Przed wejściem do biura zatrzymaliśmy się jeszcze w kawiarni by kupić moją ukochaną orzechową kawę z czekoladową posypką. Subaru postawił na zwykłą latte. Nie wie, co dobre. W biurze byliśmy idealnie o dziesiątej czterdzieści. Zajęłam miejsce za biurkiem i zaczęłam poszukiwania ważnych dwóch teczek z papierami. Jak na złość nie było ich w całym pomieszczeniu. Po dziesięciu minutach Subaru wszedł do gabinetu.
-Pan Teo już jest. –Powiedział wpuszczając mężczyznę. –Yu coś się stało? –Zapytał rozbawiony tym, że klękałam przed biurkiem i spoglądałam pod nie w poszukiwaniu teczek.
-Nie Subi tak dla zabawy klękam i szukam pod meblami durnych teczek! –Powiedziałam podnosząc się z podłogi. –Przepraszam panie Teo, ale nie mogę znaleźć teczki z umową.
-Pewnie, dlatego, że zabrałeś ją do domu a dzisiaj rano byłaś zbyt zaaferowana tym, że Kazuma zostaje pod opieką Hiro i nawet ich nie zabrałaś. –Odpowiedział Subaru, na co ja walnęłam się w głowę.
-Racja! Wybaczy pan, ale zadzwonię do syna i przywiezie teczki. –Powiedziałam przepraszającym tonem głosu.
-Nic się nie stało moi klienci też się spóźniają jak zawsze. –Westchnął zażenowany postawą swoich podopiecznych. Zgarnęłam telefon z biurka i wybrałam numer syna.
-Subaru wezwij mi tu Armina w końcu to jego projekt graficzny... Halo synku?
~Tak mamo jak dzwonisz by się spytać czy jeszcze żyjemy to tak żyjemy.
-Nie Hiro potrzebuję byś przywiózł mi dwie teczki leżące w salonie.
~Dobrze ubiorę małego i zaraz będę.
-Tylko pamiętaj by ubrać Kazume tak by nie było mu za gorąco ani za zimno. A i weź jego kocyk do wózka. Nie zapomnij o mleku i owoca.... Halo Hiro?

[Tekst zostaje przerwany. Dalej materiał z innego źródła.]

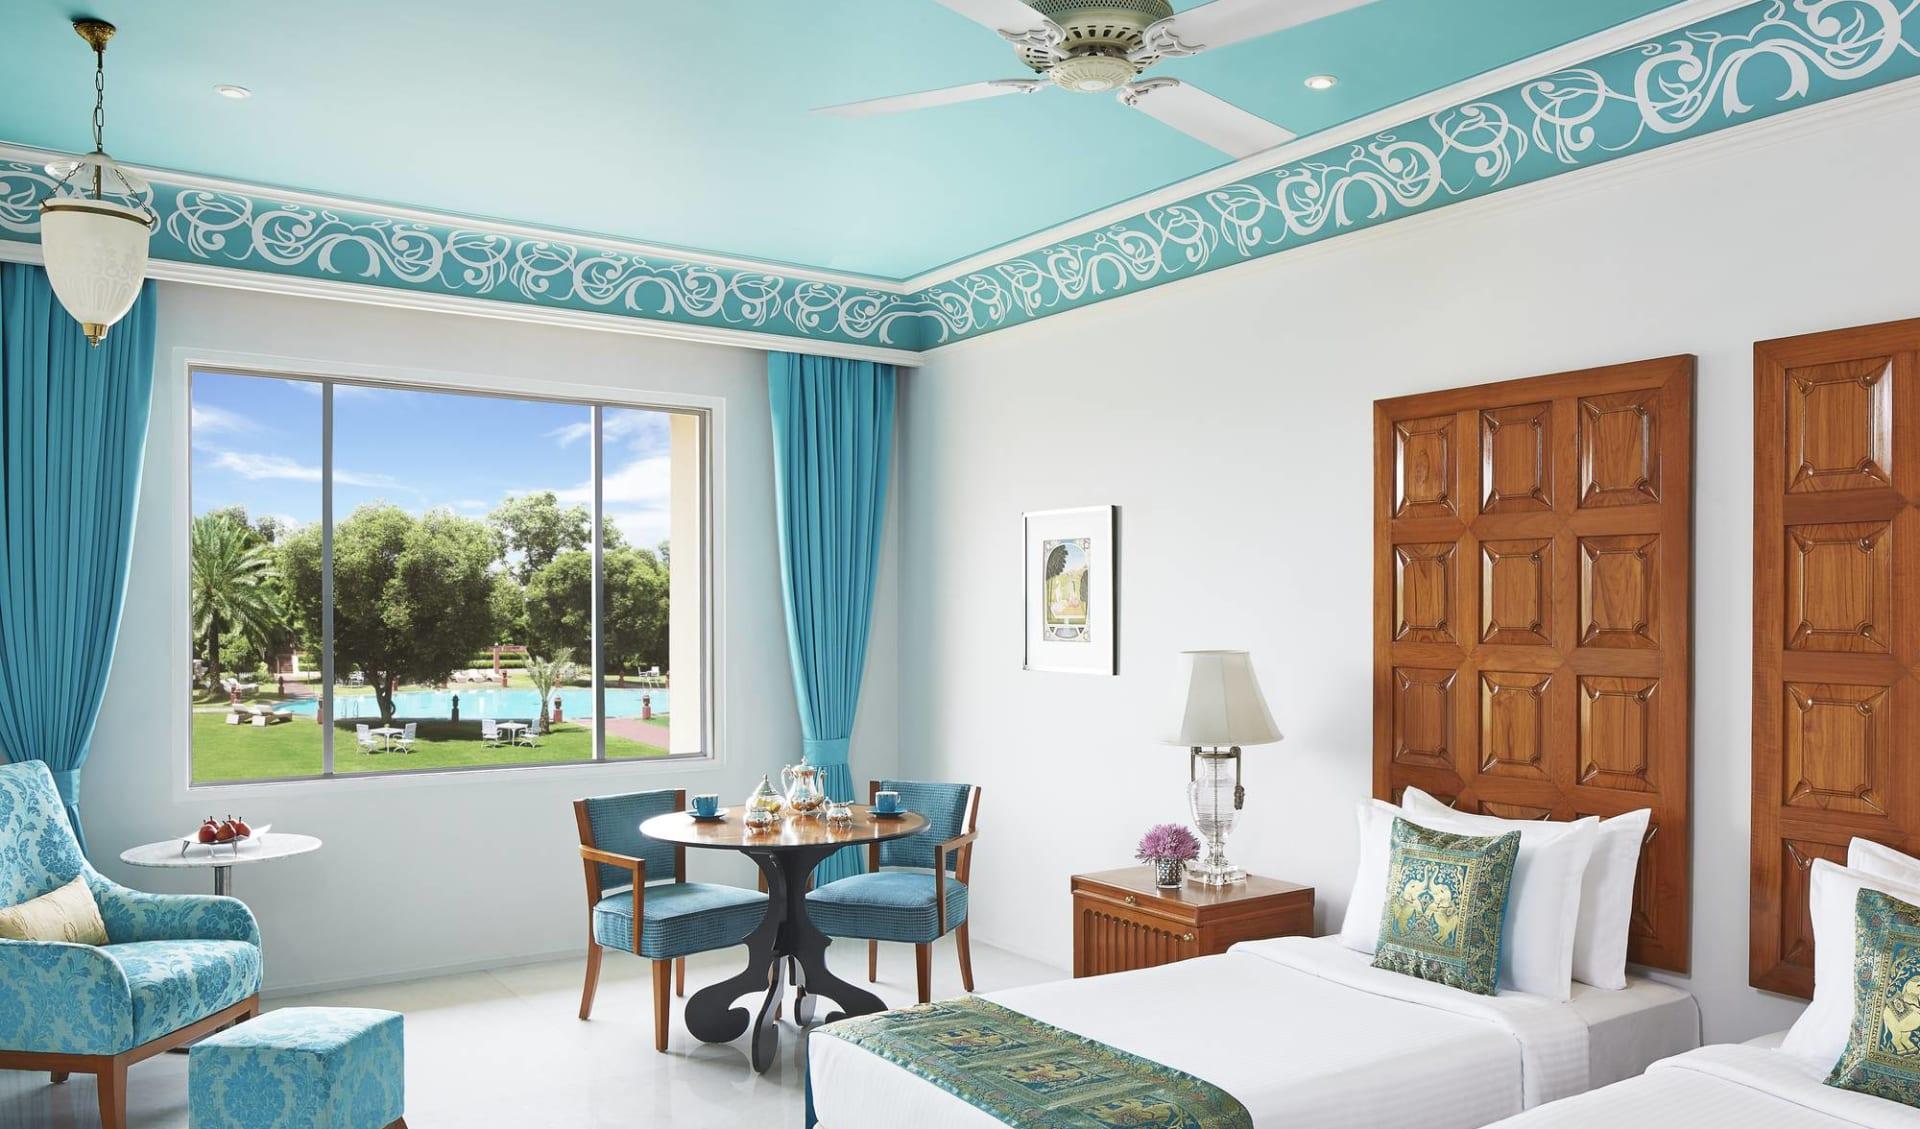 Jai Mahal Palace in Jaipur: Luxury

-Yu Hiro to duży chłopczyk i poradzi sobie z rocznym bratem. –Odparł ze śmiechem mężczyzna. A w tym czasie do pomieszczenia wszedł Armin z wielkim uśmiechem.
-Siemasz mała wołałaś mnie? –Zapytał i dopiero w tedy zorientował się, że w pomieszczeniu jest jeszcze jedna osoba, gdyż Subaru już wyszedł zając się swoimi papierkami. –O wybaczy pan jestem Armin główny grafik.
-Menadżer Crowstorm Teo. –Przedstawili się podając sobie nawzajem dłonie.
-Miło, że się przedstawiliście, ale niestety jesteśmy zmuszeni czekać i na grupę i na umowę.
-Zgubiłaś ją? –zapytał niedowierzając Armin.
-Nie oczywiście, że nie tylko zostawiłam w domu Hiro za chwilę ją dowiezie.
-Zobaczę małego! –Uradował się Armin. –Wie pan znam tego chłopaka od jedenastu już lat. Mały słodzika. Buntownik jak tatuś, choć nie on przynajmniej jest porządny nie to, co ojciec. A mały Kazuma to dopiero słodki berbeć!
CZYTASZ
Wszyscy widzą, lecz nikt nie dostrzega || Tom Drugi Przezwyciężyć Ból
Novela JuvenilPięć lat szczęśliwego małżeństwa, dziesięć lat wspólnego życia . Czy naprawdę byłam tak ślepa? Jak mogłam nie zauważyć, że coś się psuje? Od pamiętnego dnia minął rok. Odkąd się dowiedziałam moje serce na nowo się złamało. Potrafiłam dać miłość tyl...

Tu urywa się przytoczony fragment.